Money Matters
5:30 am
Tue February 12, 2013

Stocks soared in January. Does that mean it'll be a great year?

According to an old adage on Wall Street, "as goes January, so goes the year".

Last month, we cast aspersions on the "January effect" as a predictive tool. And then the month turned out to be the best January for stocks since the 1990s.

Financial commentator Greg Heberlein and KPLU's Dave Meyer take a second look at January on this week's Money Matters.

The Dow Jones industrial average rose 5.8% last month, while the S&P 500 gained 5.1%. It was the best January for the Dow since 1994, and the best January for the S&P since 1997.

To many investors, that means stocks the rest of the year will rise. 

How well does this January Barometer work?

As a measure of down Januarys to down years, it predicts the right direction only about half the time. So you might as well flip a coin. This is the main reason we previously dismissed it as a serious predictive tool.

But, the evidence is a little more compelling for Januarys in which the stock market goes up.

Since 1938, when the Dow Jones industrial average rose in January, the market rose three-quarters of the time (77%).  On the face of it, that's impressive.

But what if you wait to see if the January market goes up, then invest? Again, it's impressive. In the rest of the year after an up January, the market rises 70 percent of the time (70.3%).

Looks like a slam dunk. This year, January was the best January since Bill Clinton was in the White House.

The statistics clearly state the odds are in the investor’s favor. 

Hold on a minute! Compare the January Barometer to just any year for stocks. 

Seventy percent of the time (68.9% since 1938), the stock market has risen.

So following the January Barometer gives you an ever-so-modest edge.

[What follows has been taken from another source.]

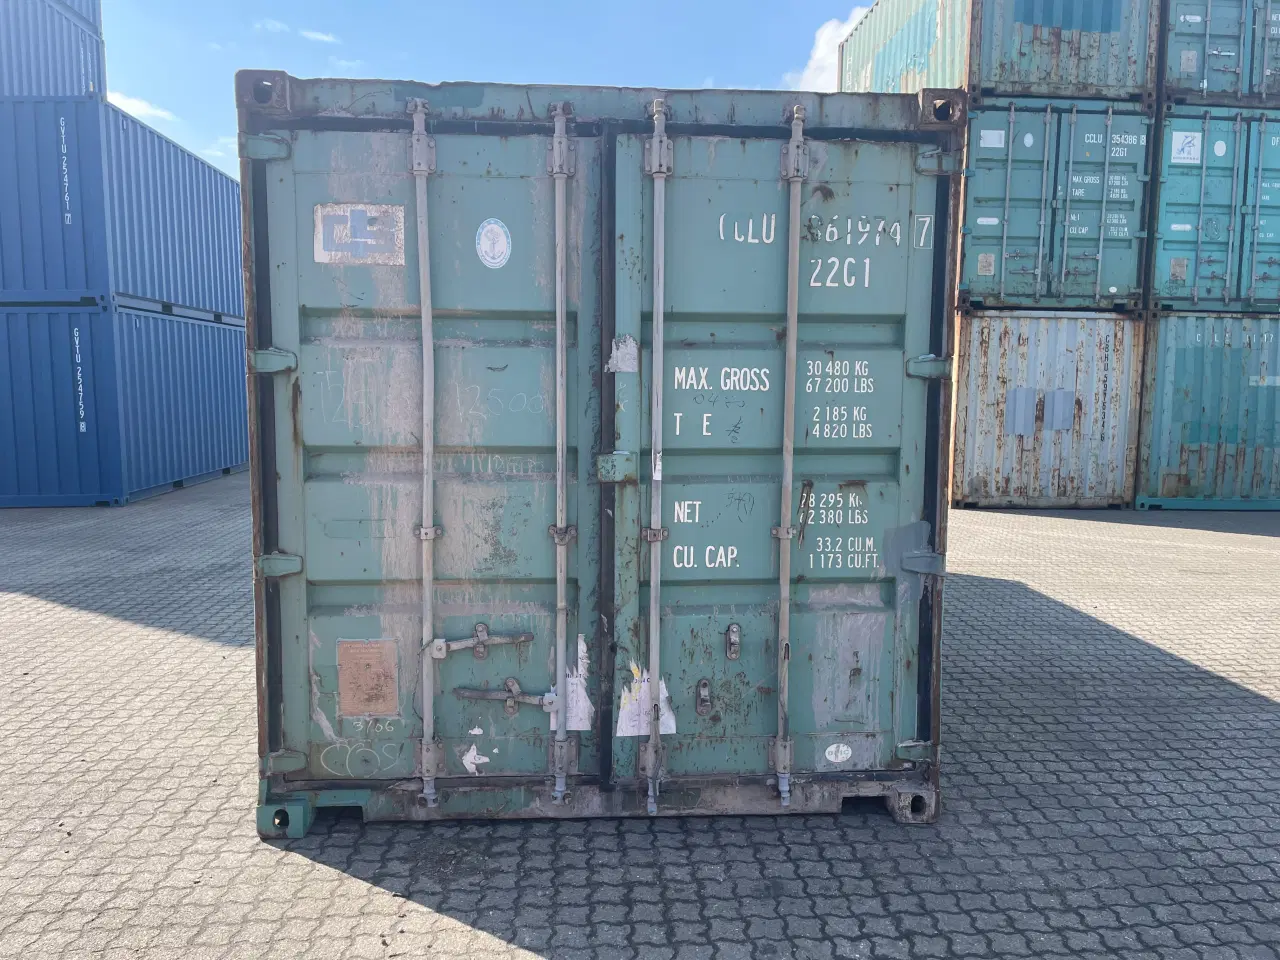 Billede 1 - 20 fods Container- ID: CCLU361974-7
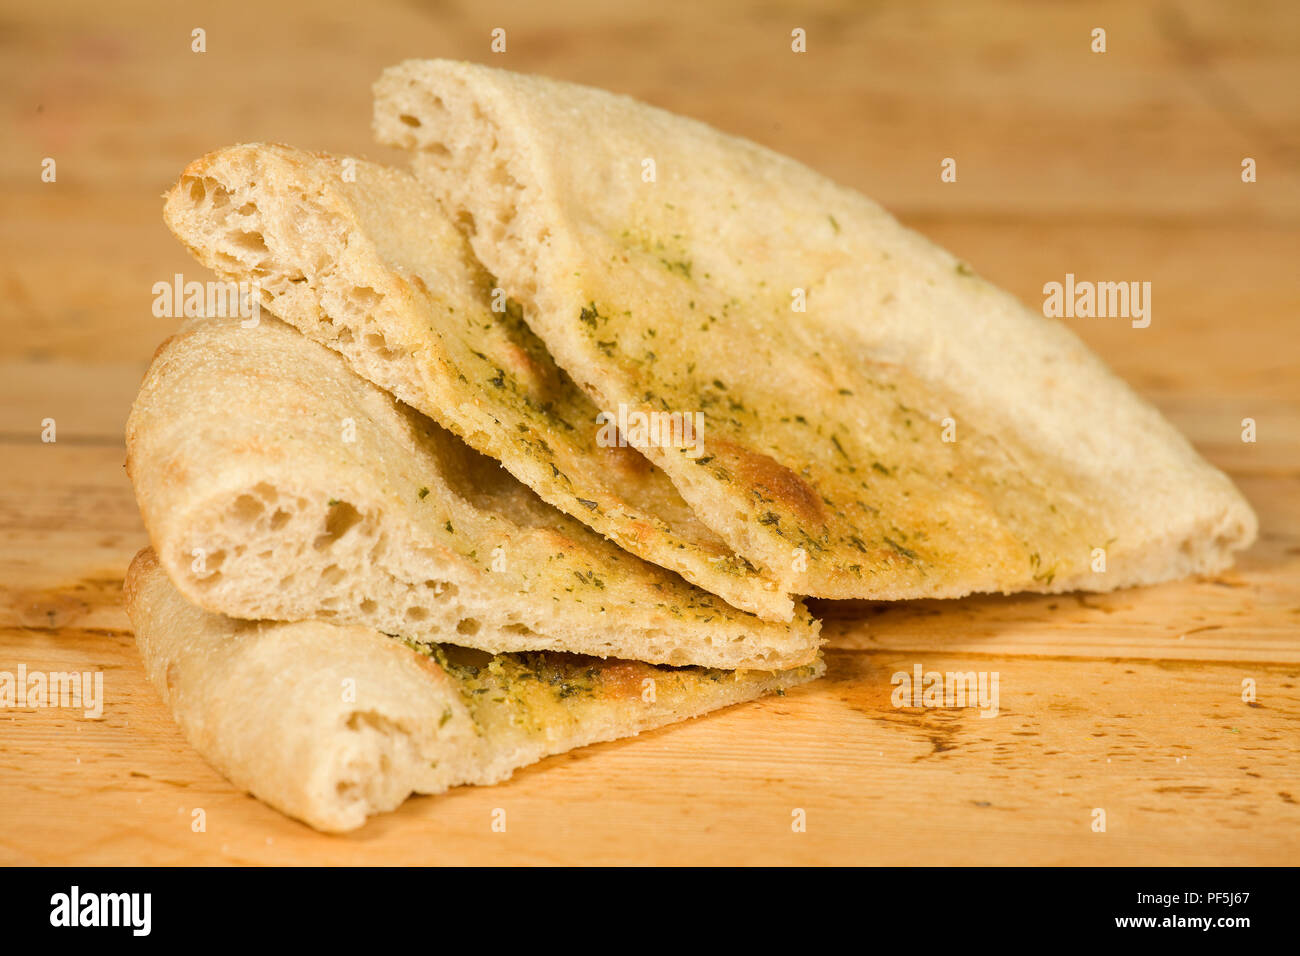 Tranches de pain sur la table Banque D'Images

But if you wait until January is over, the chance of an up year for the remaining 11 months is virtually even with what every year’s outcome is.

Aside from the January effect, there are good fundamental reasons to support an up year. Employment and the overall economy are on the rise. Corporate profits continue to march higher. The government seems to be making inroads on the nation’s historically high debt. The European financial crisis has calmed down considerably.

But face it, who buys stocks for a precise 11-month or 12-month period?

If it's your intent to gamble on short-term market swings, why wait for a whole year to elapse? 

Pick the market’s best three-month stretch – November, December and January. On average, those three months generate a gain of more than 4 percent. That’s about half of a year’s normal return.  

Or try this. If roughly three-quarter’s of the time the market goes up, don’t try to miss the bad periods.  Stick to the buy-and-hold policy and count on excellent returns over time.